Finding the longest zero-sum subsequence

Question

WARNING: this is NOT an instance of "finding the longest subarray which sums to zero" problem

I'm wondering if there's any algorithm to find the length of the maximum subsequence (i.e. elements can be contiguous or not) which sums to zero in a sequence, e.g.

S = {1, 4, 6, -1, 2, 8, -2}
     ^         ^  ^      ^
maximum length = 4

I searched for it but I couldn't find any

Answer 1

There is also a solution using dynamic programming and functional progamming. In javascript:

function maxSumZeroAcc(arr, sumS, nbElt) {
//returns nbElt + the size of the longest sequence summing to sumS
  if(arr.length === 0) {
    return (sumS===0)?nbElt:0;
  }
  else {
    return Math.max(maxSumZeroAcc(arr.slice(1), sumS, nbElt),maxSumZeroAcc(arr.slice(1), sumS-arr[0], nbElt+1));
  }
}

function maxSumZero(arr) {
//simply calls the previous function with proper initial parameters
  return maxSumZeroAcc(arr, 0, 0);
}

var myS = [1,4,6,-1,2,8,-2];
console.log(maxSumZero(myS));//returns 4

The core of the code is the function maxSumZeroAcc(arr, sumS, nbElt) that returns nbElt augmented of the size of the longest sequence in arr summing to sumS -- sumS and nbElt being two auxiliairy parameters set up in the function maxSumZero.

The idea behind maxSumZeroAcc is that the max we are looking for is either the max of maxSumZeroAcc applied to the tail of the array (we simply discard the first element) or of maxSumZeroAcc(.,sumS-arr[0],nbElt+1) applied to the tail of the array (we take into accound the first element and instead of finding a sum of element to sumS, we look for sum of elements to sumS diminished of the first element).

This solution is rather short to write down and quite easy to understand but the complexity is pretty bad and is in O(2^n), where n is the size of the array.

Answer 2

It's a slight variation on the subset sum problem.
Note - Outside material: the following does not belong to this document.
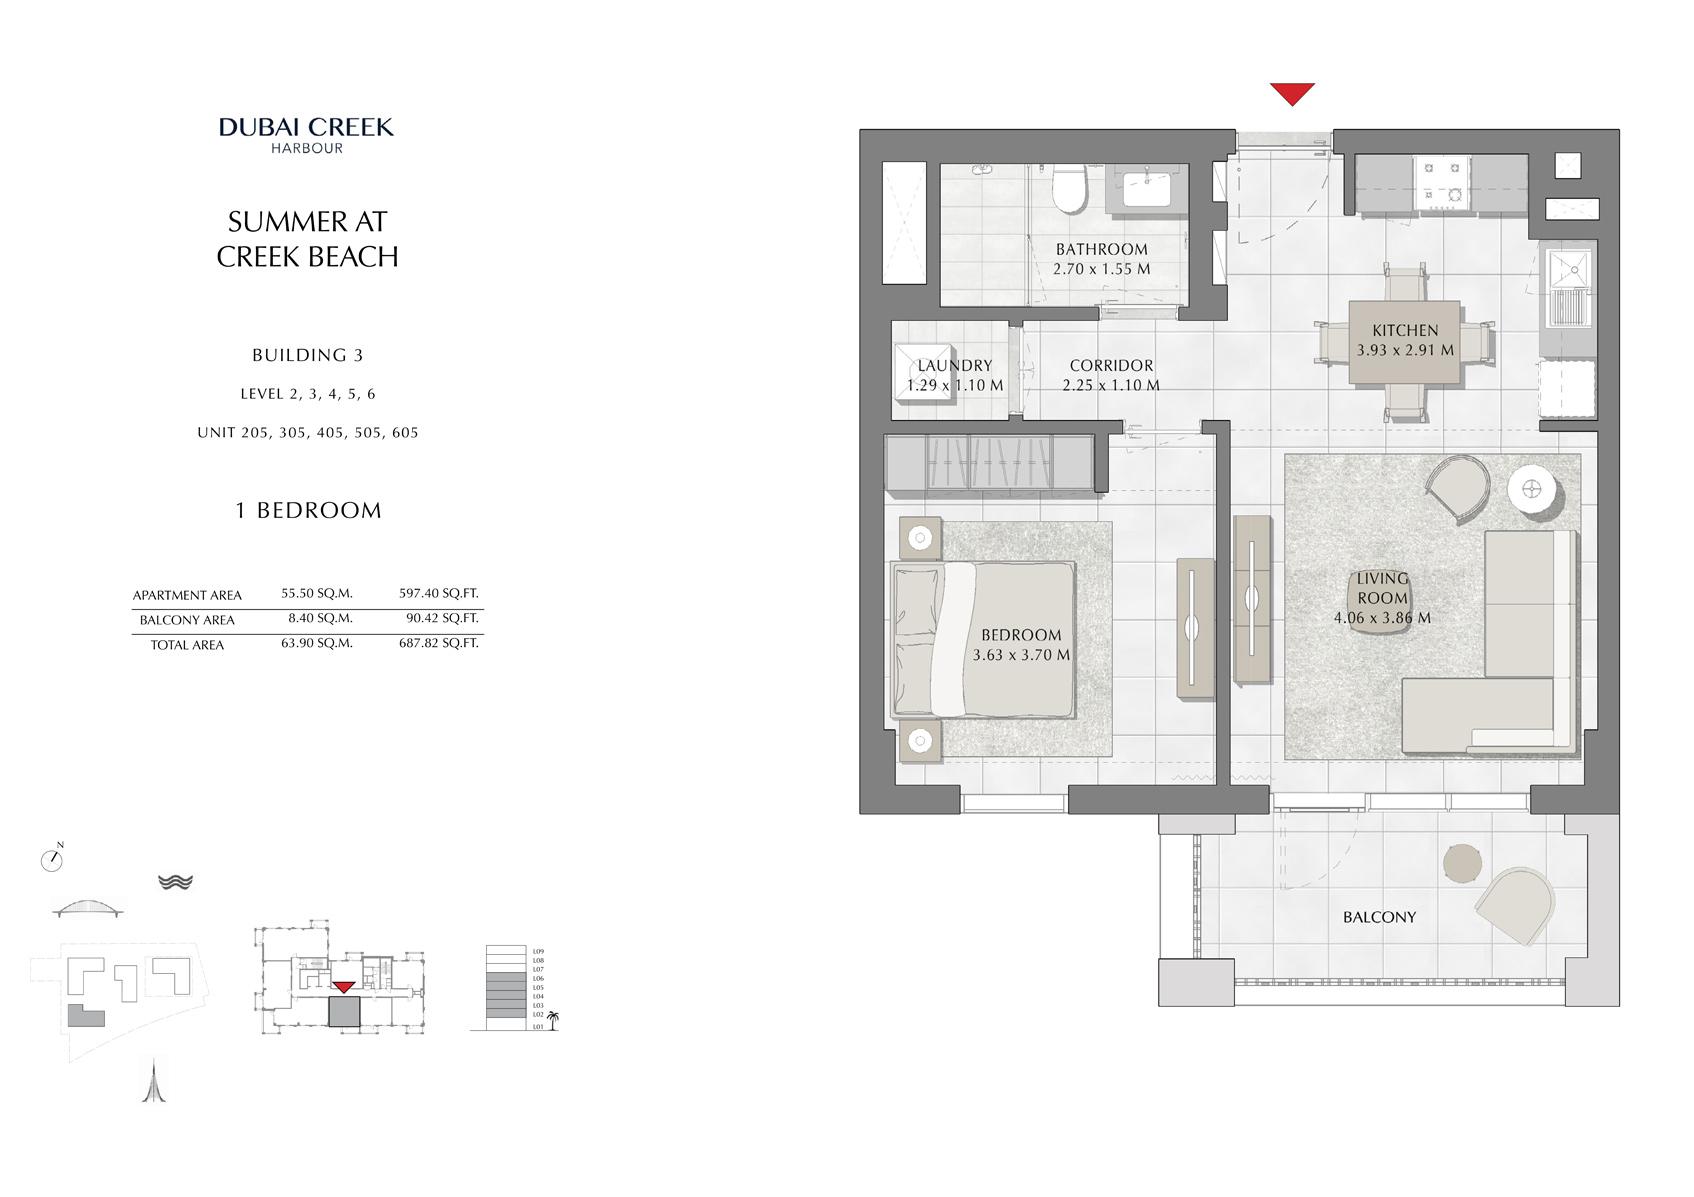 1 Br Building 3 Level-2-3-4-5-6 Unit-205-305-405-505-605, Size 687 Sq Ft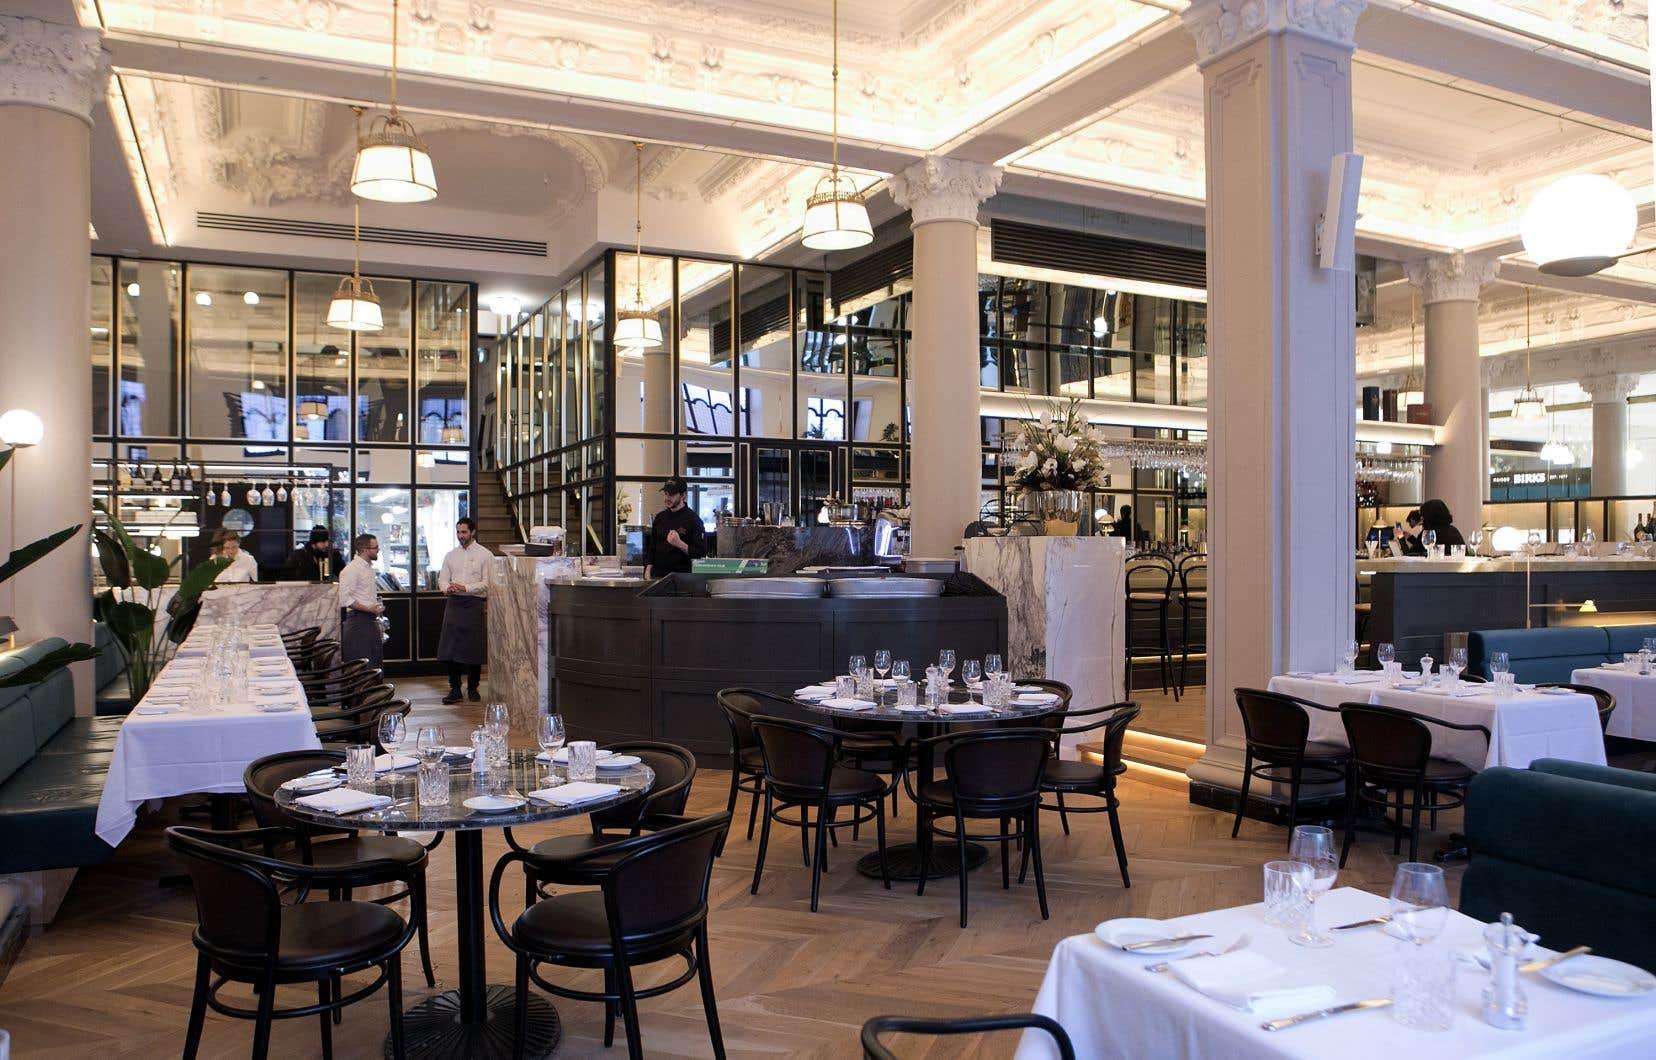 Intérieur de la brasserie française Henri

Let d[i] = maximum length of a subsequence that sums to i. Initially, this is all zero. If your numbers were all positive, you could do:

s = 0
for i = 1 to n:
    s += a[i]
    for j = s down to a[i]:
        d[j] = max(d[j],               <- keep j as it is
                   d[j - a[i]] + 1     <- add a[i] to j - a[i], obtaining sum j
                  )

return ???

However, this does not account for the possibility of having negative elements. In order to handle those, you can use two dictionaries instead of an array:

a = [1, 4, 6, -1, 2, 8, -2] # the input array
d1 = {0: 0} # first dictionary: explicitly initialize d[0] = 0
d2 = {0: 0} # second dictionary is the same initially
n = len(a) # the length of the input array

for i in range(n): # for each index of the input array
    for j in d1: # for each value in the first dictionary

        x = 0
        if j + a[i] in d2: # if we already have answer for j + a[i] 
                           # in the second dictionary, we store it
            x = d2[j + a[i]]

        d2[j + a[i]] = max(x, d1[j] + 1) # add a[i] to the j in the first dictionary 
                                         # and get a new value in the second one,
                                         # or keep the existing one in the second dictionary,
                                         # if it leads to a longer subsequence


    d1 = dict(d2) # copy the second dictionary into the first.
                  # We need two dictionaries to make sure that 
                  # we don't use the same element twice

print(d1[0]) # prints 4

You can also implement this with arrays if you add some constants so you don't access negative indexes, but dictionaries are cleaner.

Time complexity will be O(n*S) where S is the sum of all numbers in the array and n the number of elements in the array.